BBC Question Time’s host Fiona Bruce has called for more unvaccinated members of the public to go on the show.
The programme, which airs on Thursdays, is based in a different place in the UK every week so that a range of people get the opportunity to ask the panel questions.
Addressing the camera directly, Bruce said: “I mentioned last week that we are looking for people to come and be part of our audience who are unvaccinated.
“We know that there’s a relatively higher proportion in London and there are many different reasons people choose not to get vaccinated.”
“I think it’s an important debate,” she added.
Approximately 71.5% of the UK population is fully vaccinated, according to Our World in Data.
Fiona Bruce just pleaded for unvaccinated people to be in the audience for next week's #BBCQT.
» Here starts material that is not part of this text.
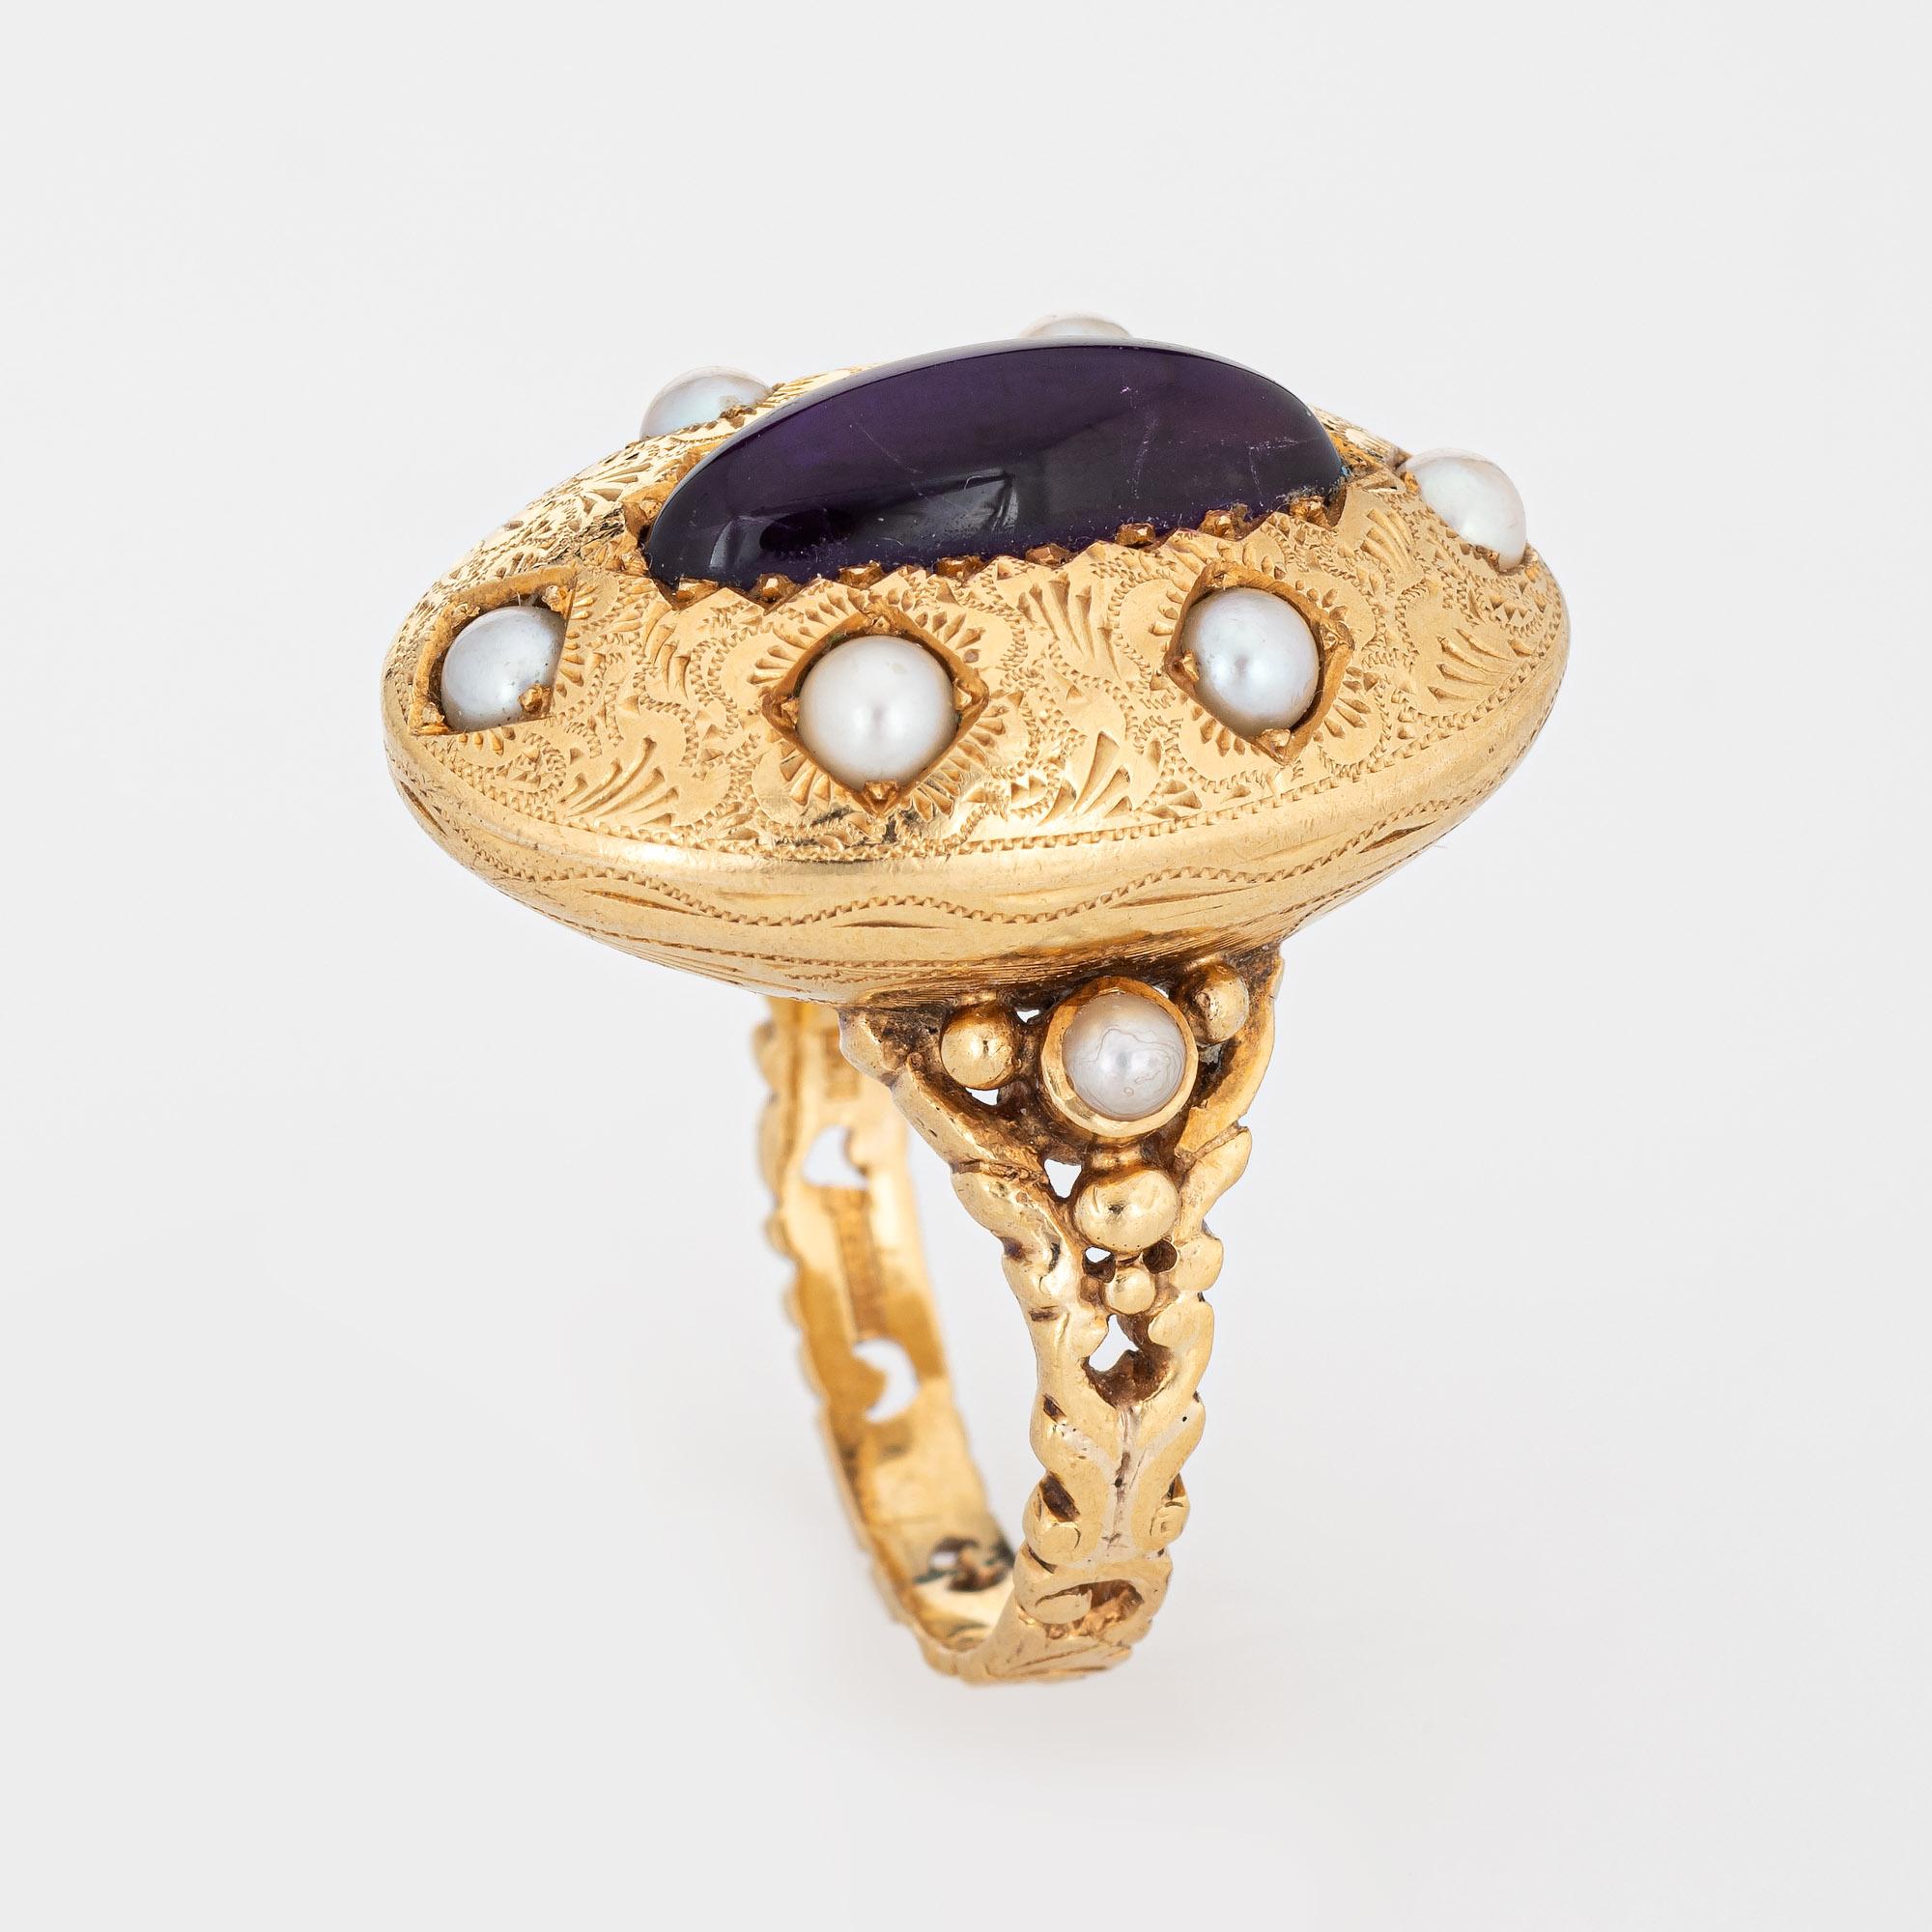 Stylish vintage amethyst & pearl cocktail ring crafted in 14 karat yellow gold. 

Cabochon cut amethyst measures 17mm x 6mm (estimated at 3.50 carats), accented with 8 x 3mm pearls. The amethyst is in very good condition and free or cracks or chips.

I'll just leave that there.
— Iain Dale ⚒️ (@IainDale) January 20, 2022
Bruce’s words came around two weeks after the government issued a strongly worded warning about anti-vaxxers.
No.10′s spokesman said: “They are putting themselves at risk and they’re putting others at risk as well.
“I think it’s important, as Professor Whitty has said before, there is a balance to be struck between not giving oxygen to those anti-vaxxers who thrive on the attention.
“But it is important to note that those individuals that are refusing to get vaccinated, they [are] putting themselves at risk and we have the hard data to back that up and they’re putting others at risk as well.
“So the approach we are taking in this country is to provide reassurance and answer questions for those that have genuine concerns, those that might be hesitant, and we’ve been largely successful in that approach.
“That’s indeed why we have among the highest levels of vaccine enthusiasm of any country in the world.”
Prime minister has also accused anti-vaxxers of speaking “mumbo jumbo” over Covid jabs.
But the BBC has caused a stir in its latest attempts to maintain impartial in recent months, especially after it announced it would even give a platform to flat-Earth conspiracy theorists in the name of free speech.
The BBC’s director of editorial policy and standards David Jordan said earlier this month: “Flat-earthers are not going to get as much space as people who believe that the Earth is round, but very occasionally it might be appropriate to interview a flat-earther and if a lot of people believed in a flat Earth, [then] we would need to address it more than we do at the present time.”
He added that the BBC would be prepared to cause upset among staff and audiences to showcase a range of views.